> _DATASET CONTENT_:

+---+

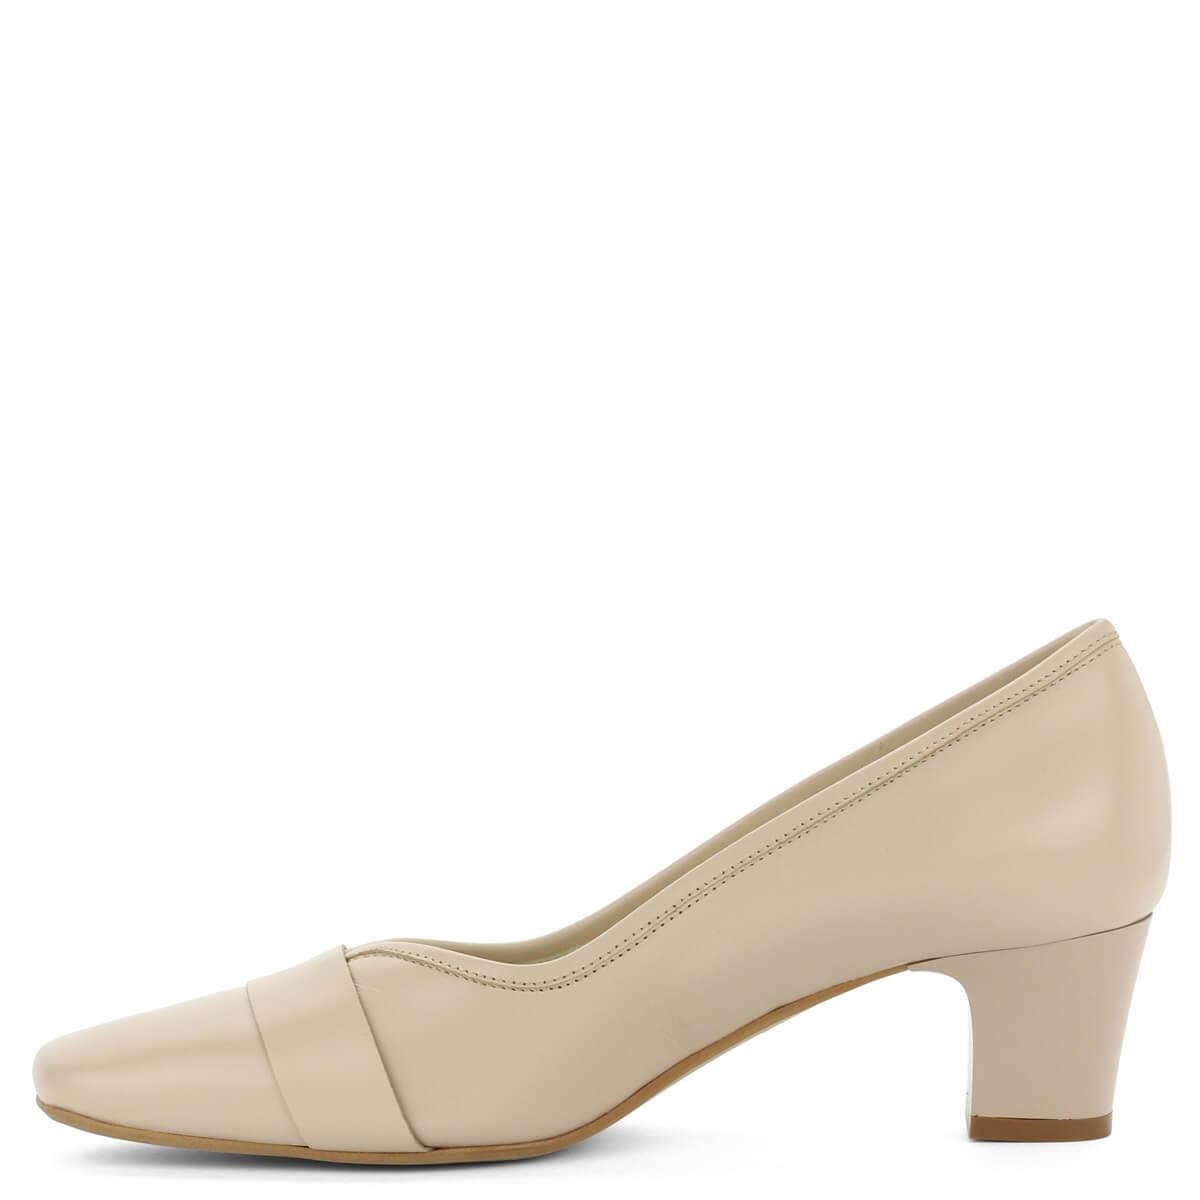 Kis sarkú bézs Anis bőr cipő. Elegáns kocka sarkú női alkalmi cipő. 16629d1283
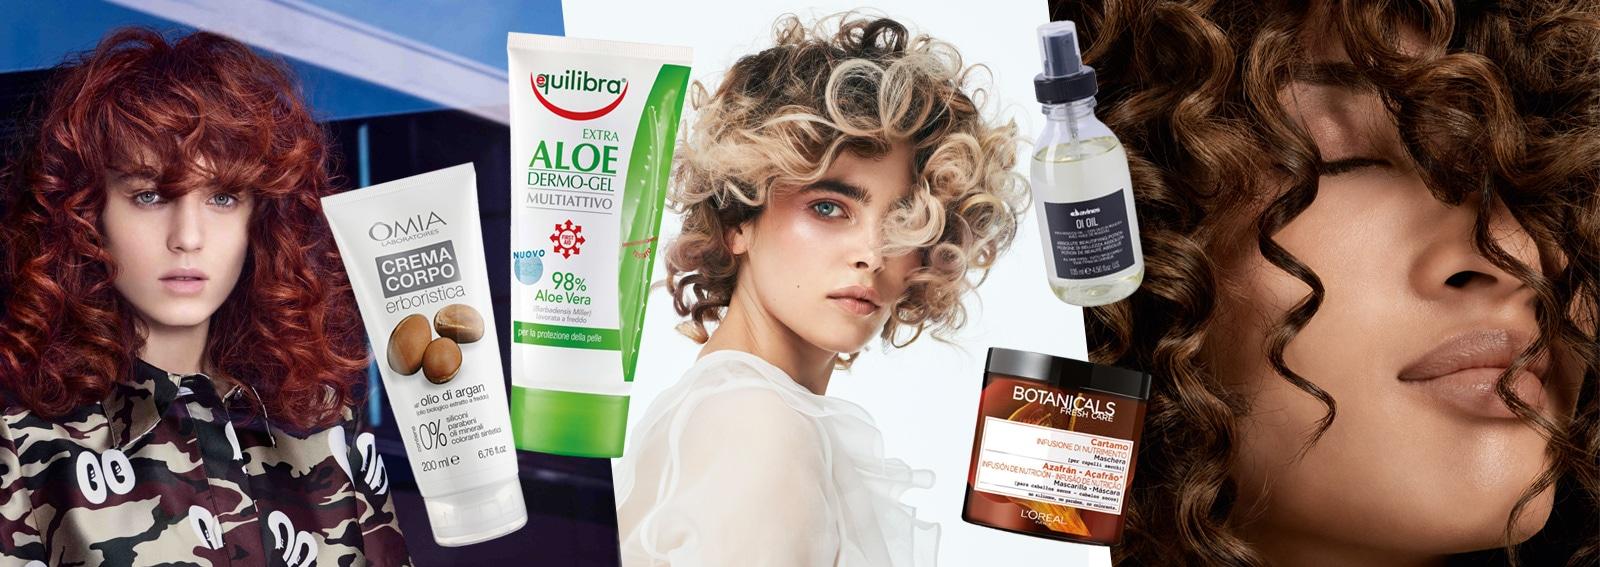 Schiuma per capelli ricci kerastase
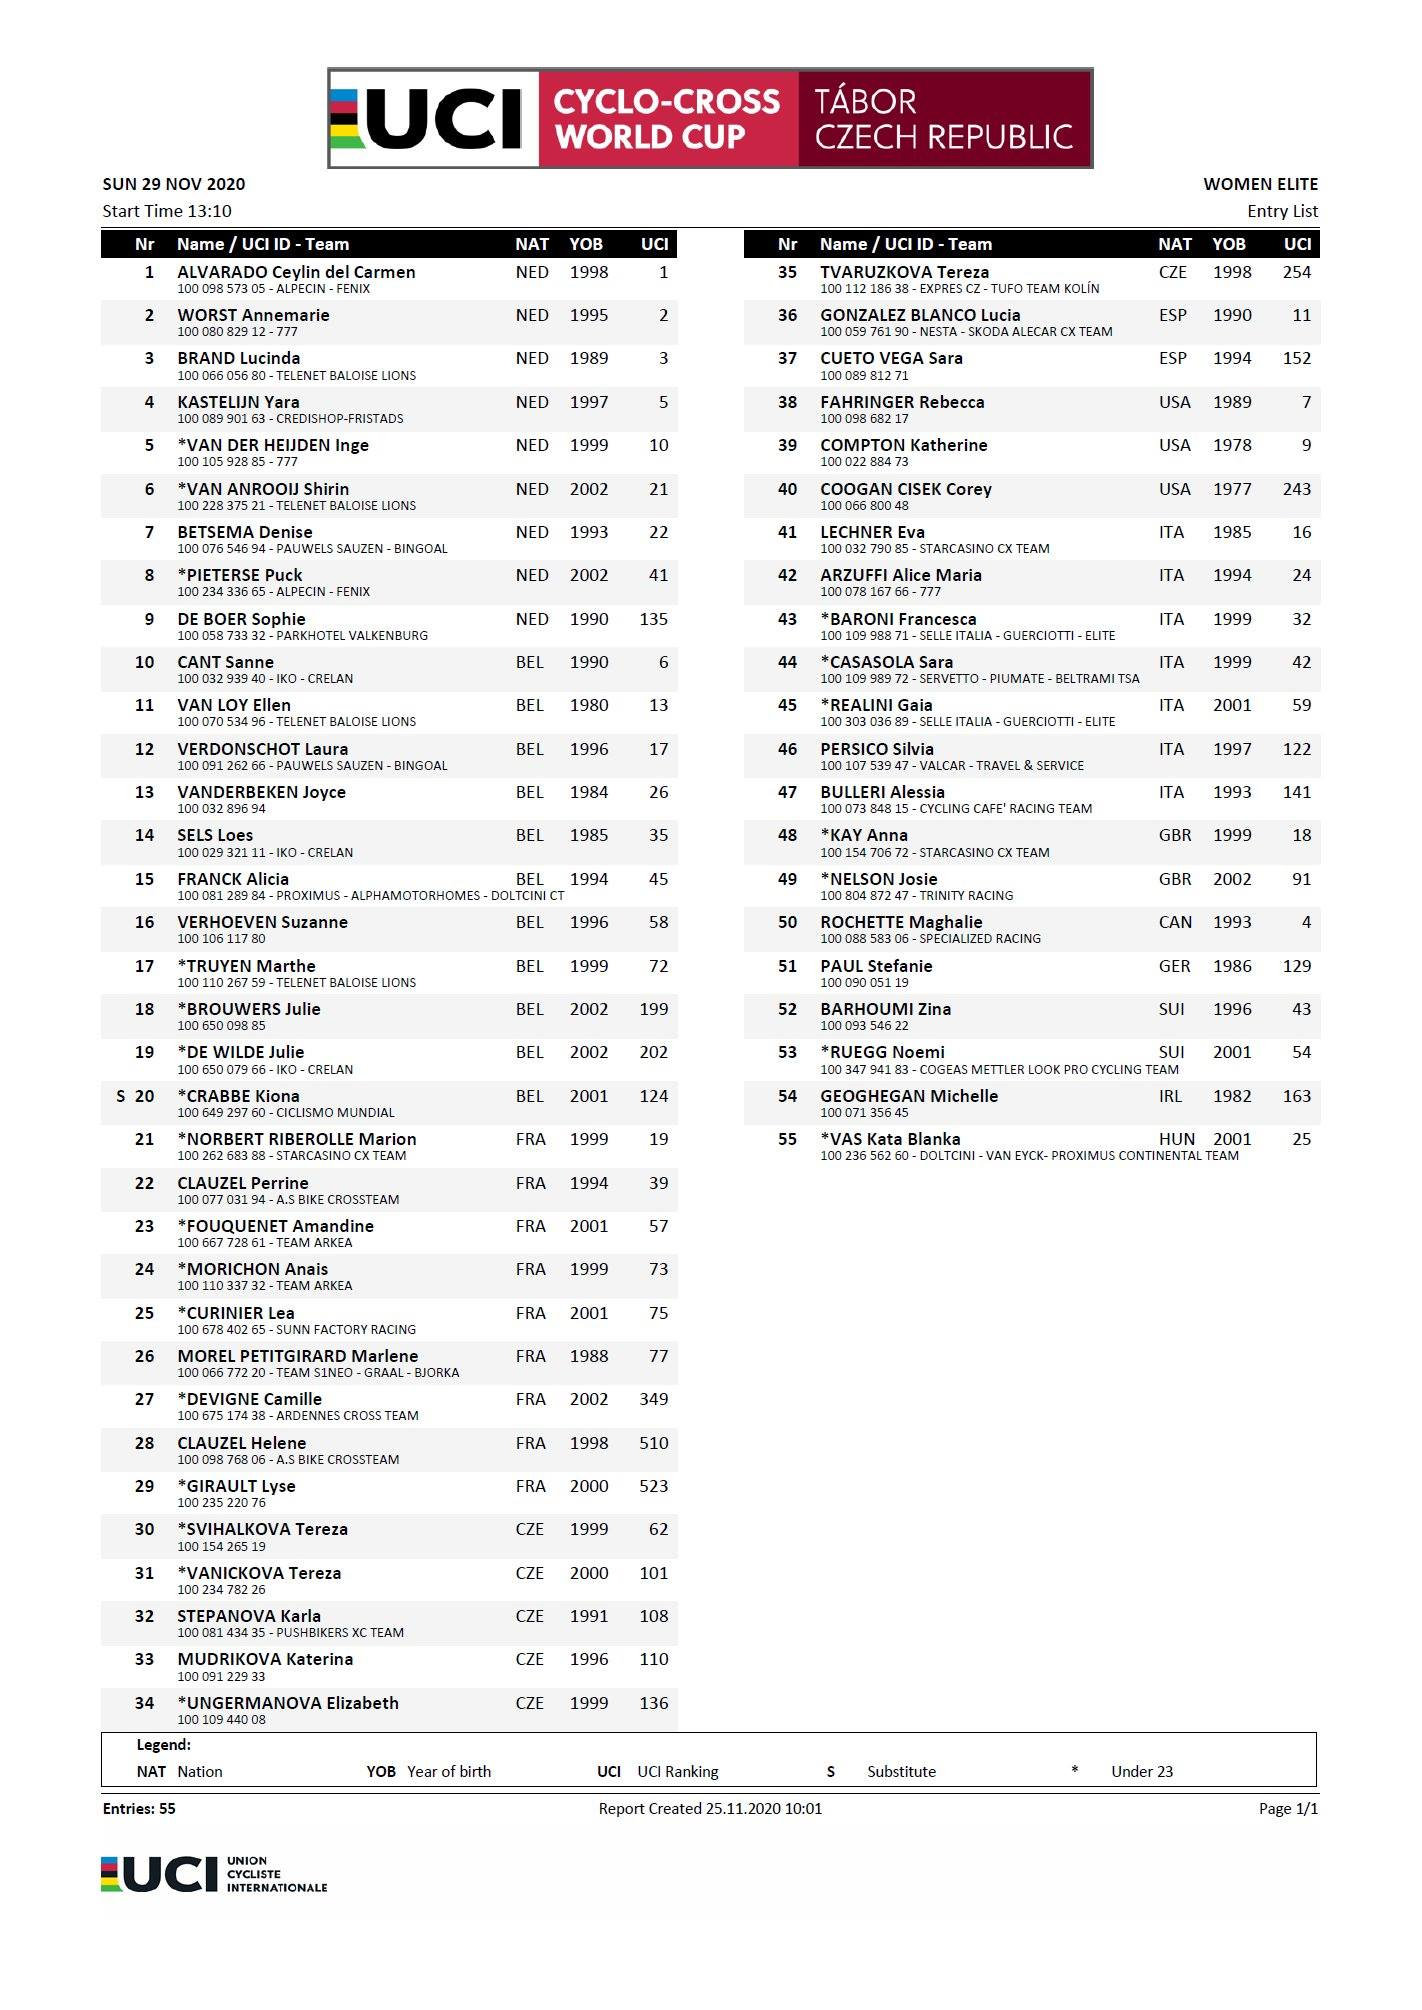 Cyclo-cross - Coupe du monde de Tabor  la startlist de la course femmes
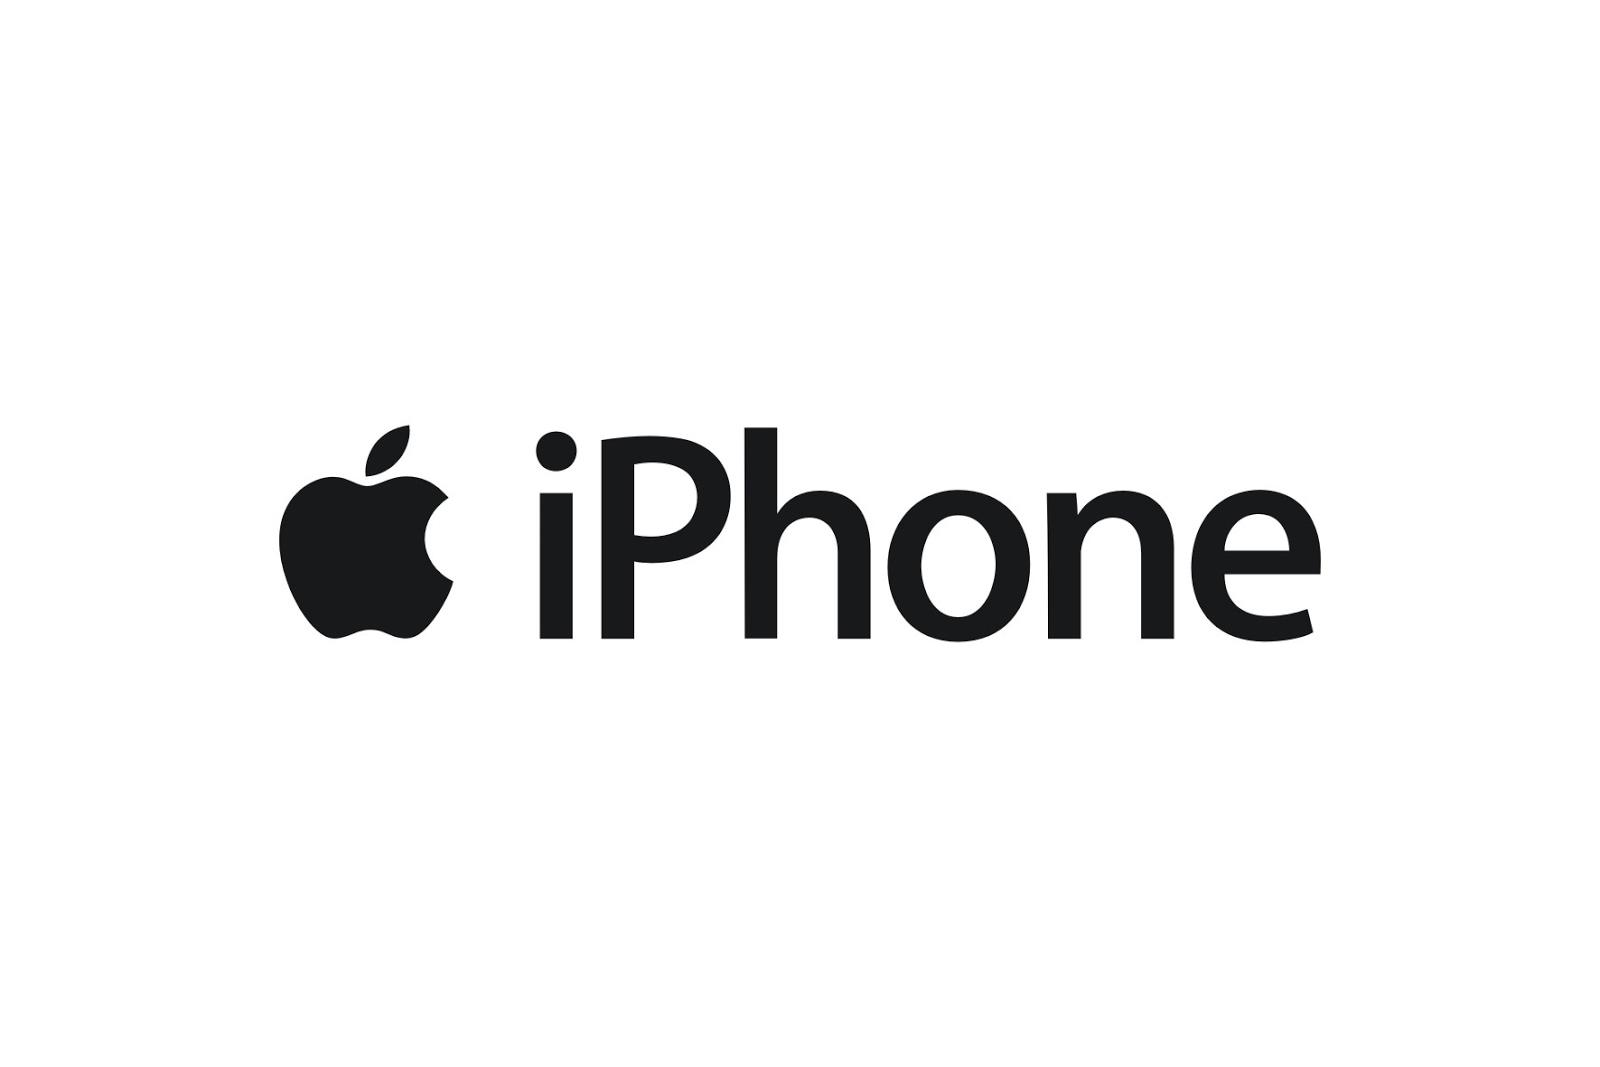 apple reveals iphone 5c and iphone 5s teachmeios com rh teachmeios com iphone logo font type iphone 7 logo font

+---+

> _ASSIGNMENT_: Repeat the lines exactly as they stand, from the opening line of the data through the line with "Cyclo-cross - Coupe". Pictures stay out of the copy.

> _YOUR SOLUTION_:
 Kis sarkú bézs Anis bőr cipő. Elegáns kocka sarkú női alkalmi cipő. 16629d1283
 Schiuma per capelli ricci kerastase
 Cyclo-cross - Coupe du monde de Tabor  la startlist de la course femmes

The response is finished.